◆ Information supplied

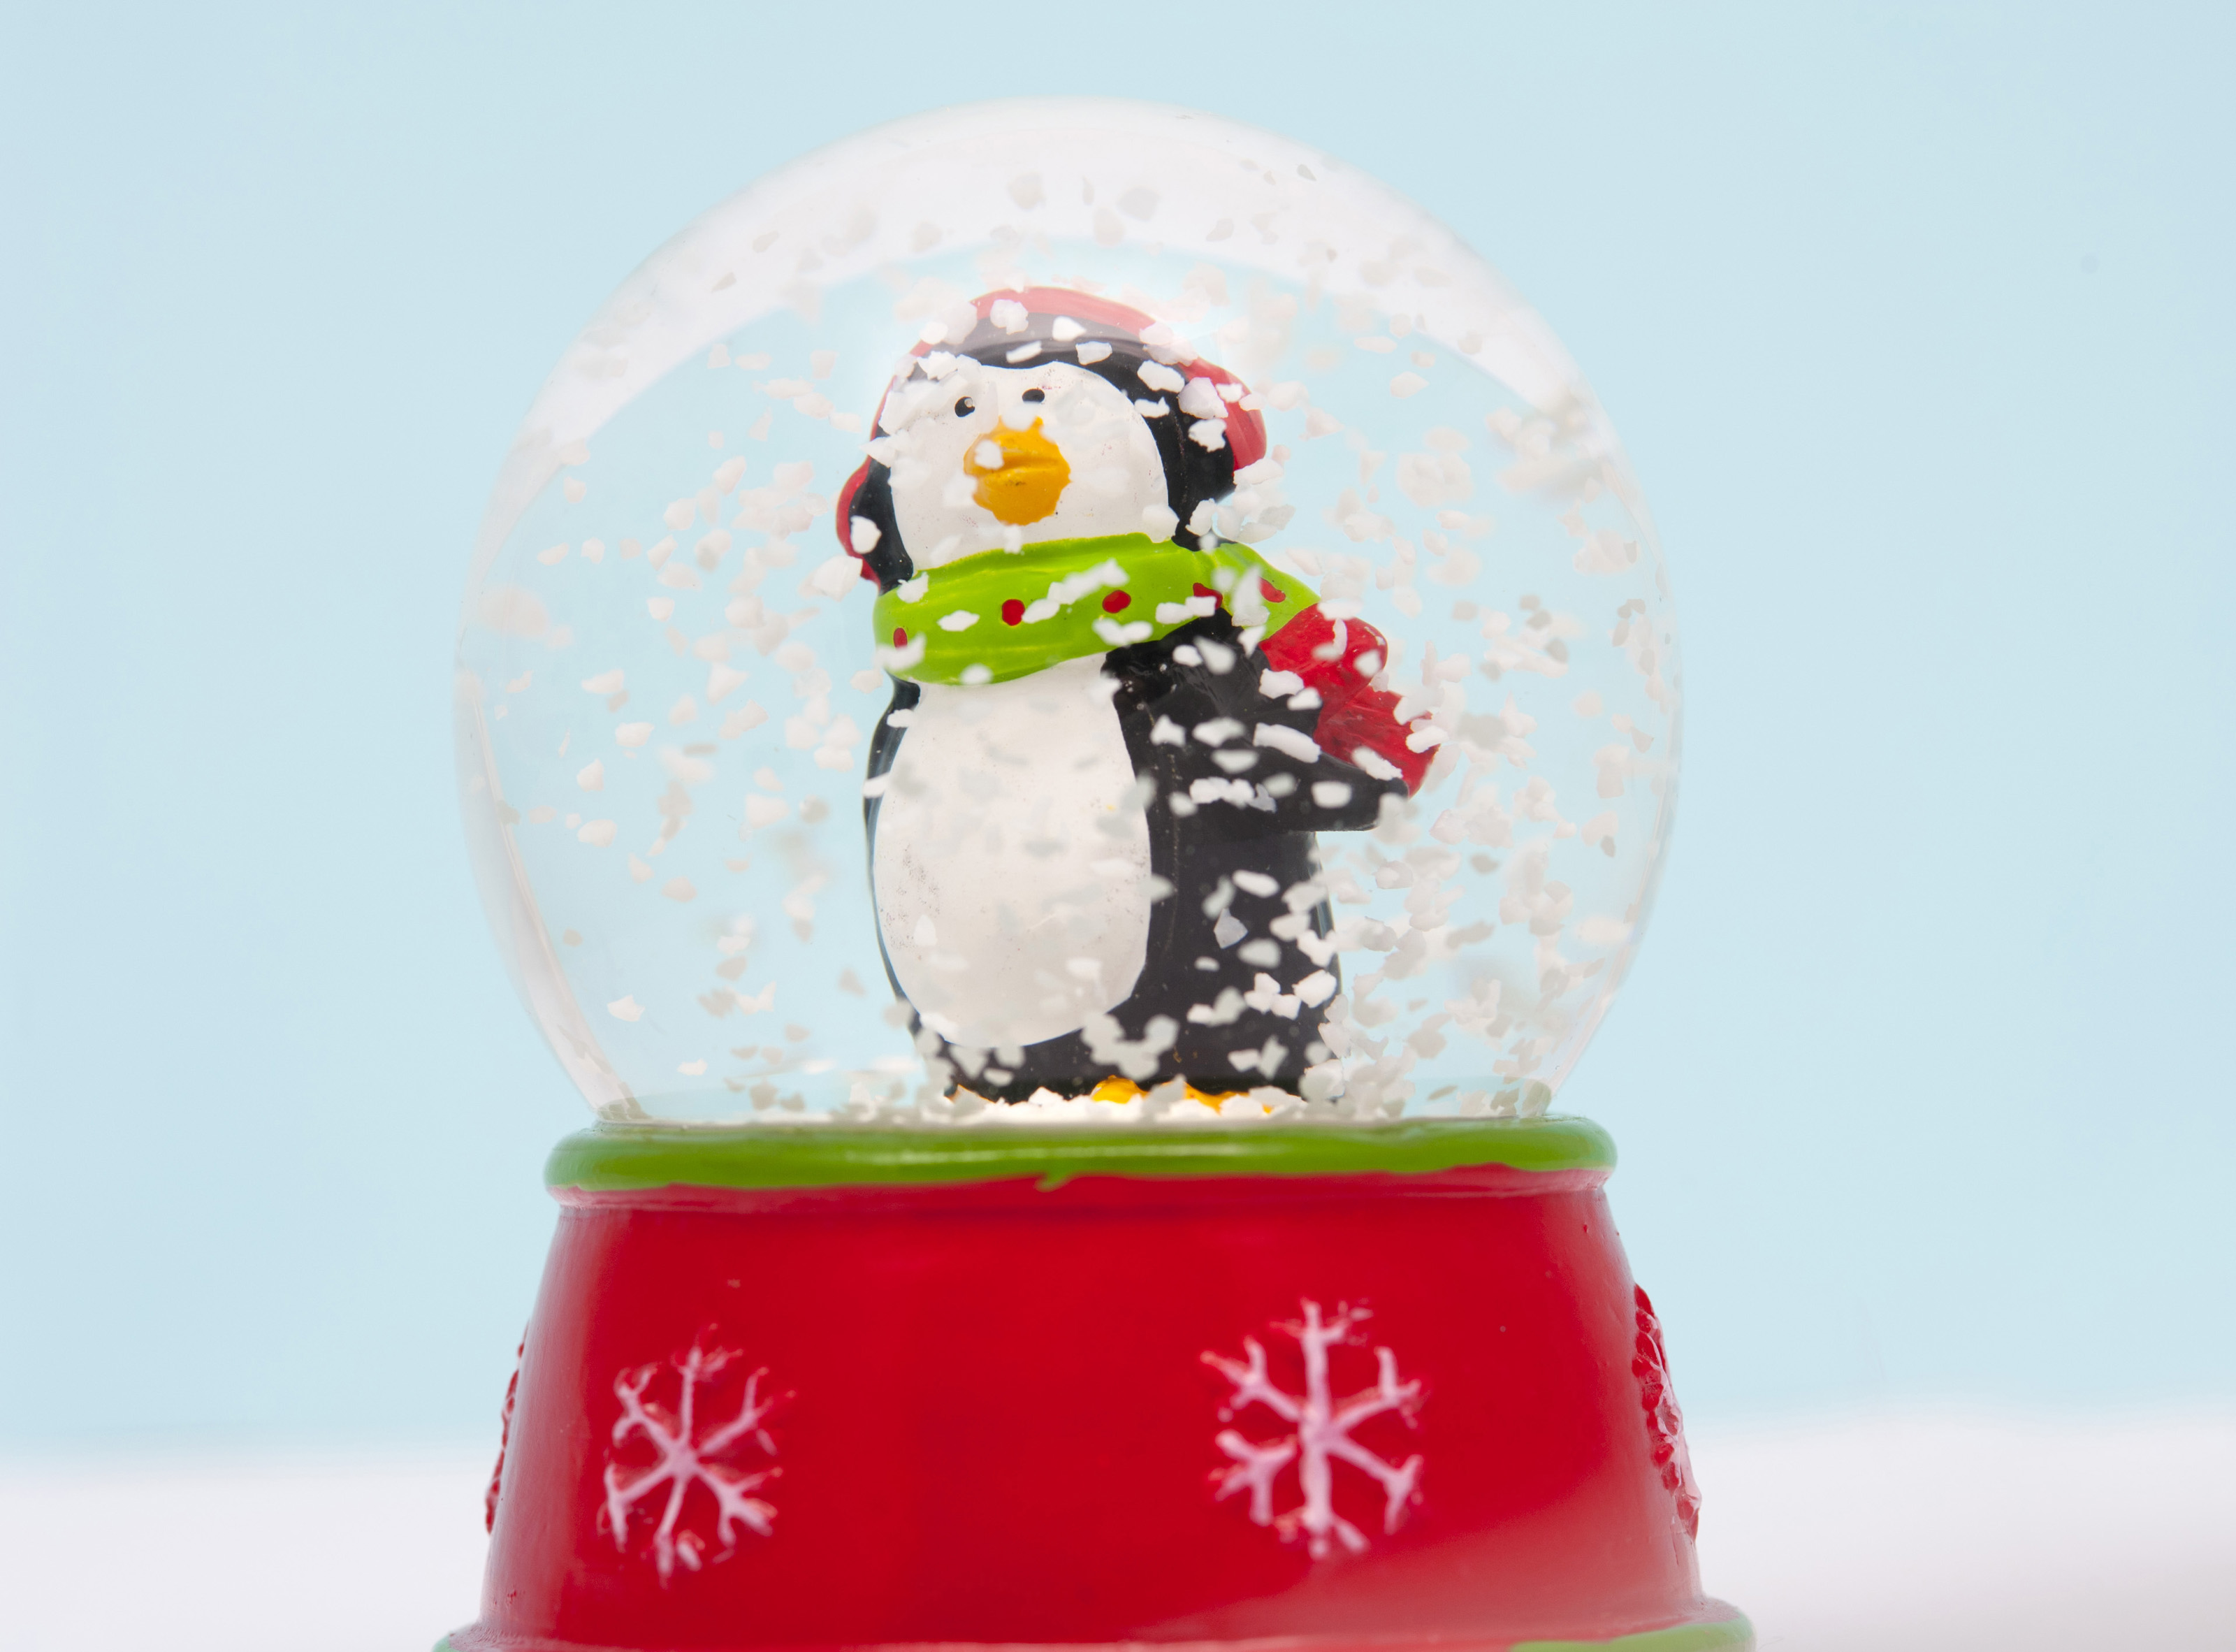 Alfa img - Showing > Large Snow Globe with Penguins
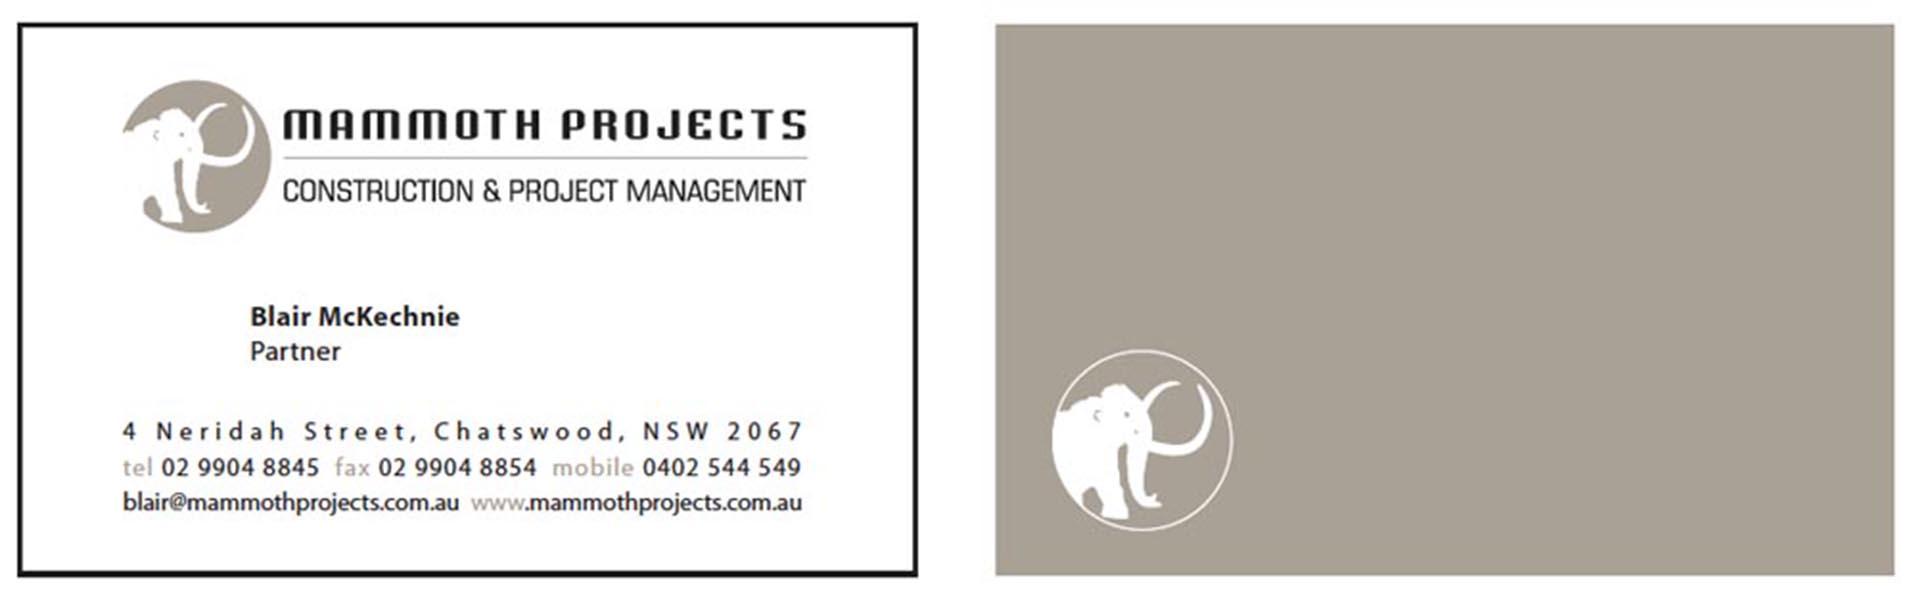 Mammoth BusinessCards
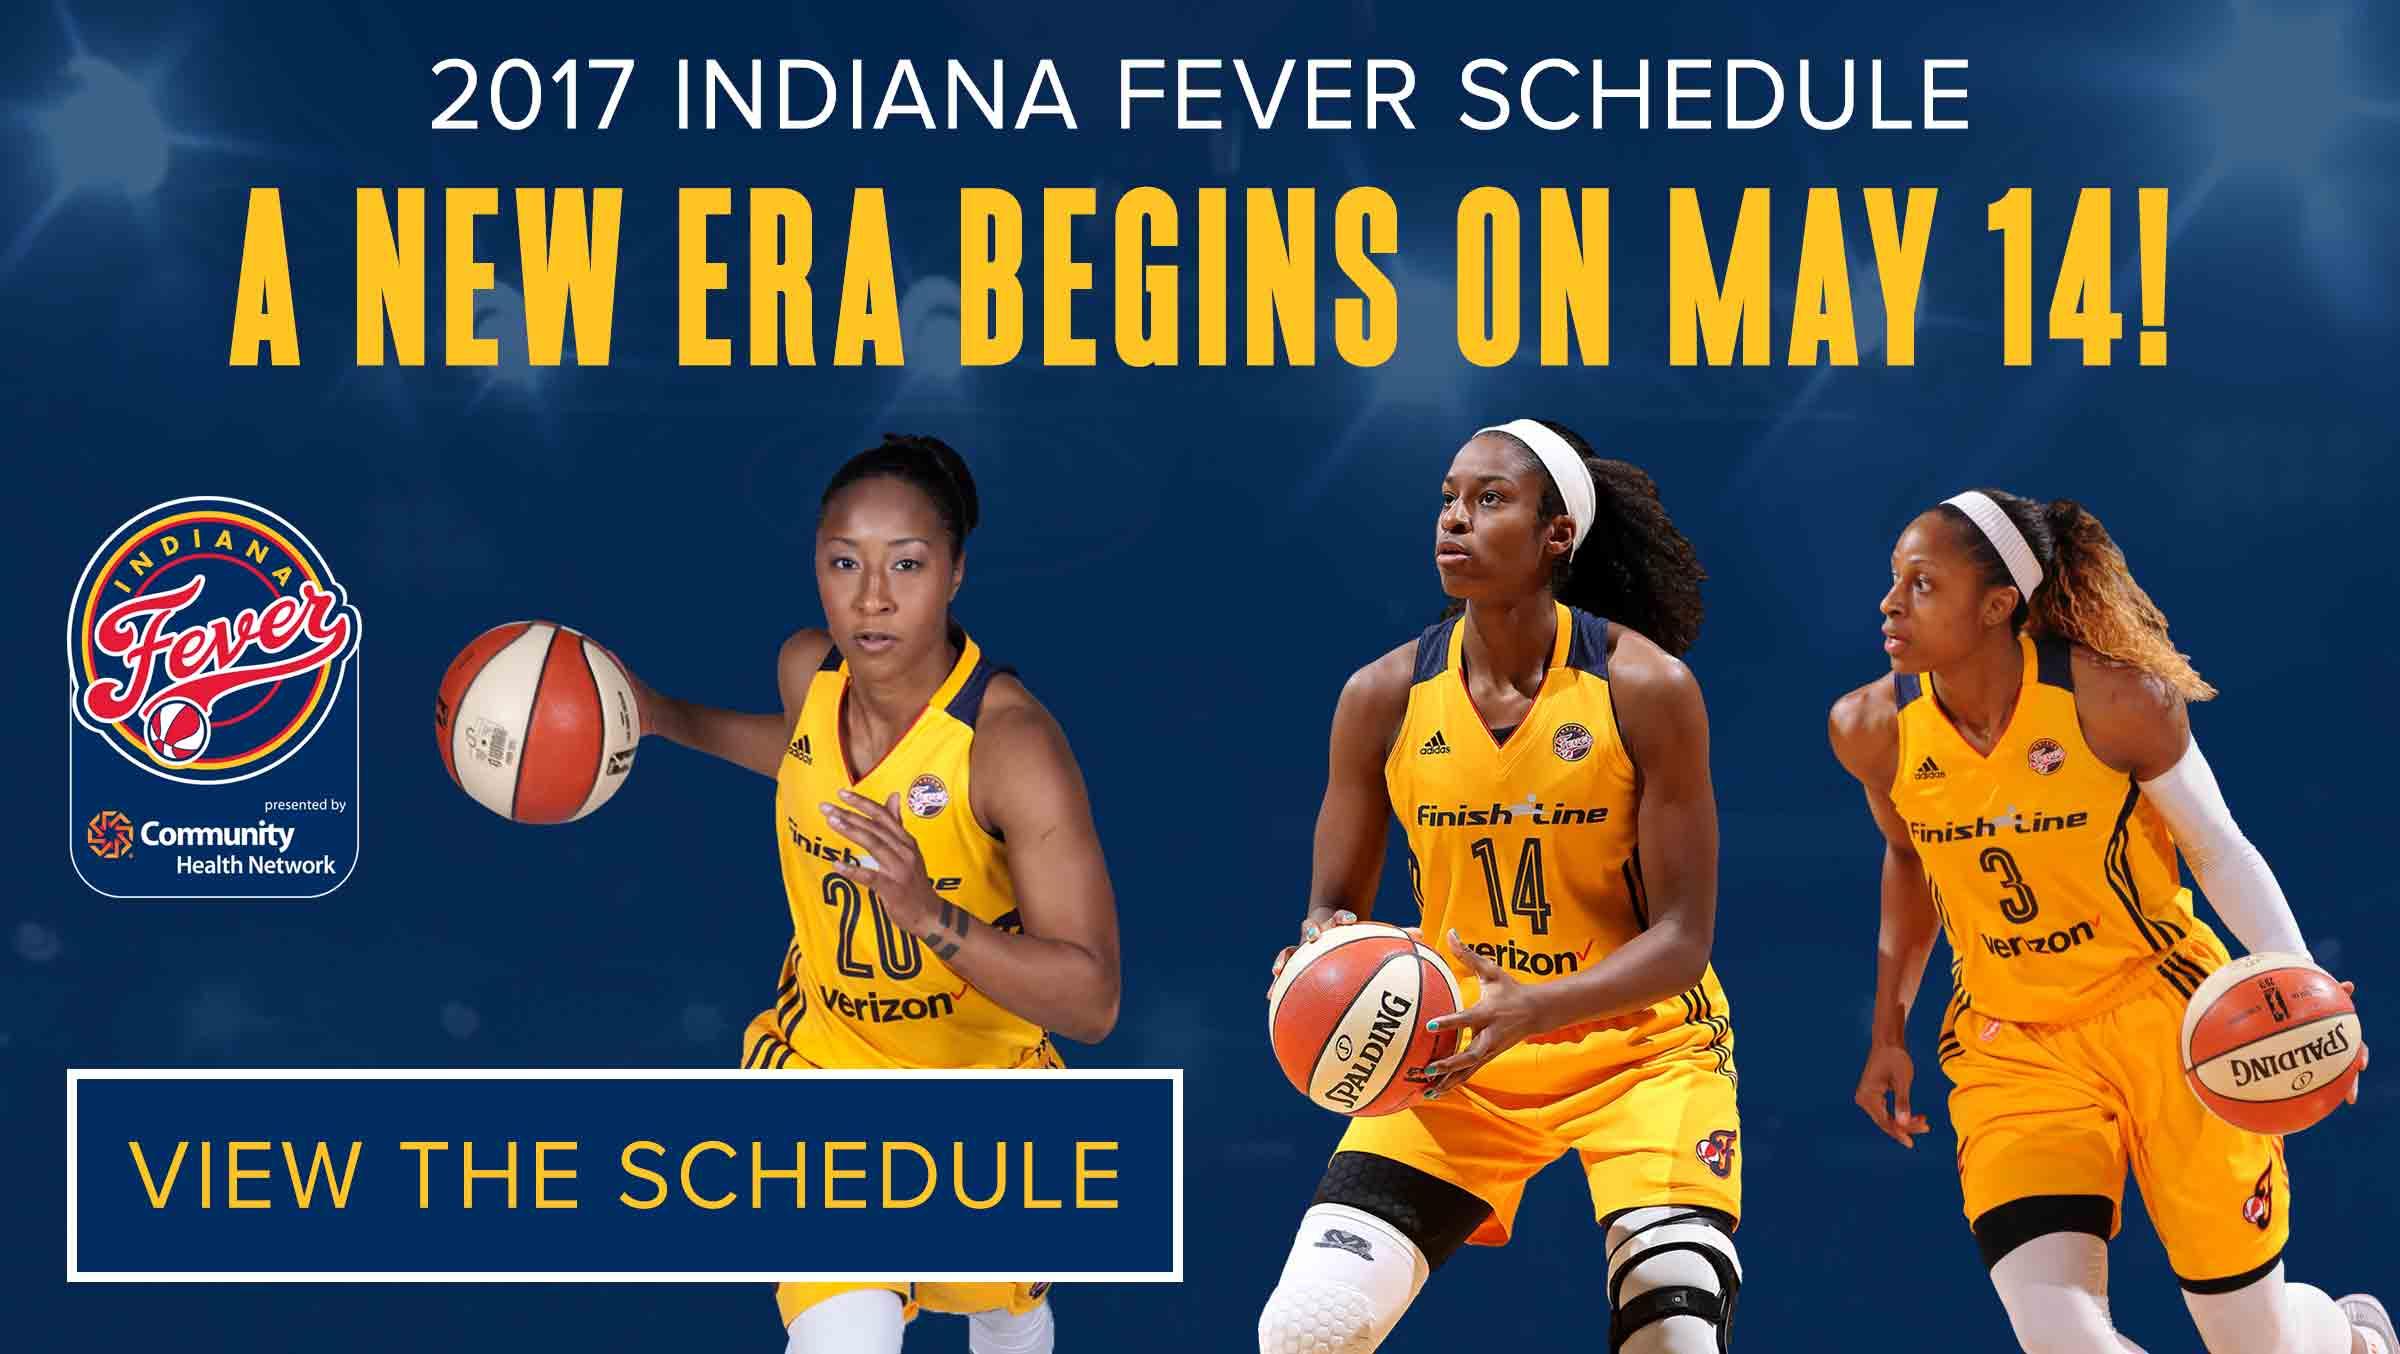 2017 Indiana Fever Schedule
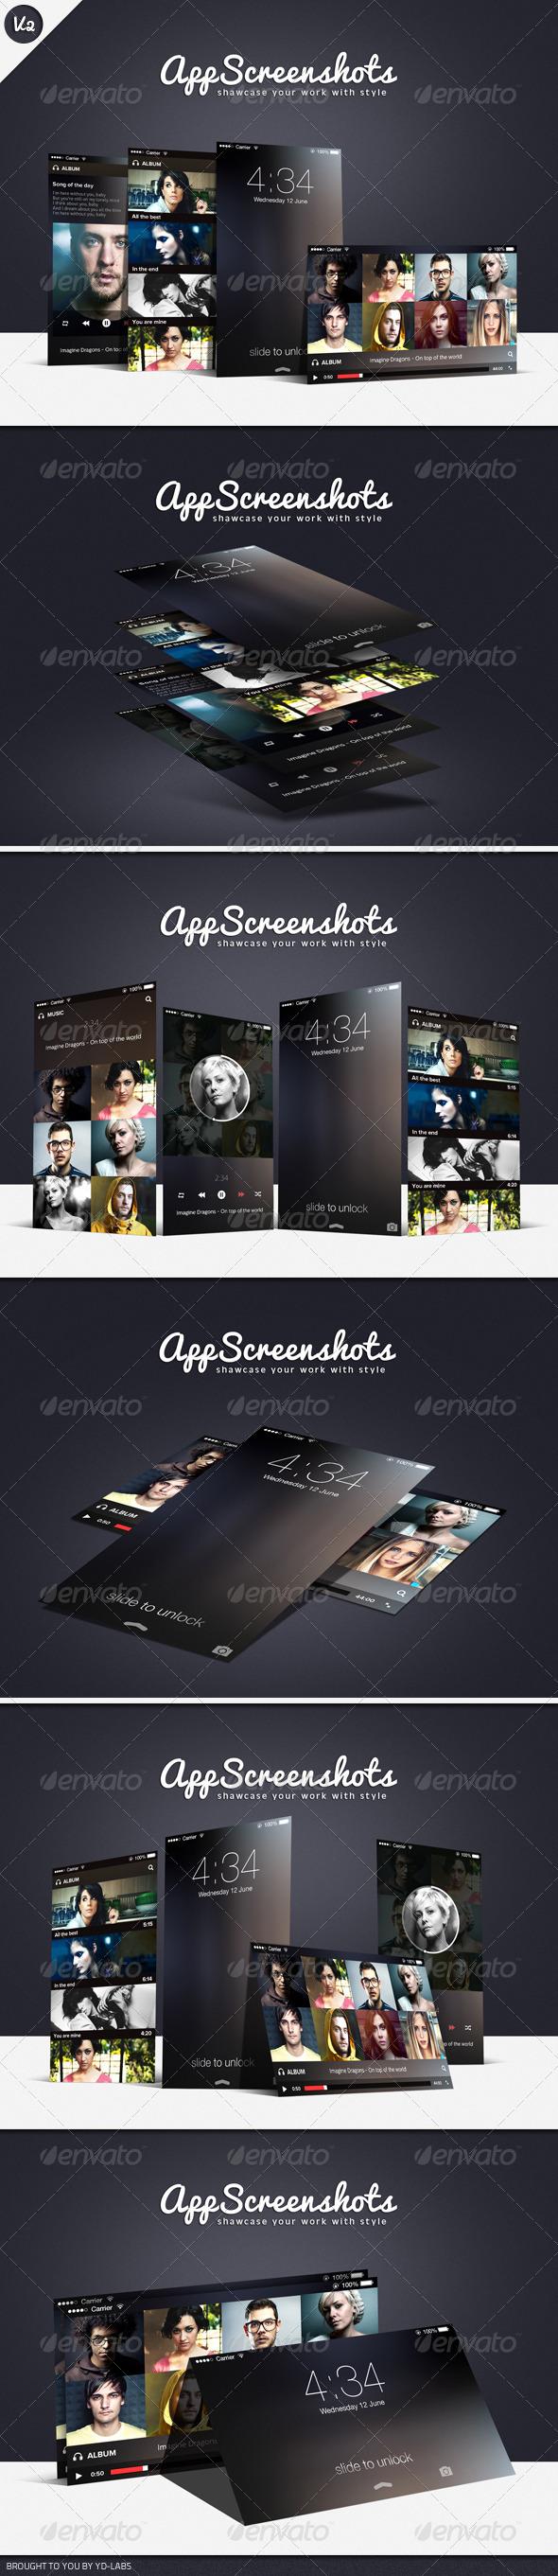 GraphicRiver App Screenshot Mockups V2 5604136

◆ Task description
Output all of the data above exactly; no pictures should appear.

◆ Result
 Alfa img - Showing > Large Snow Globe with Penguins
 Mammoth BusinessCards
 2017 Indiana Fever Schedule
 GraphicRiver App Screenshot Mockups V2 5604136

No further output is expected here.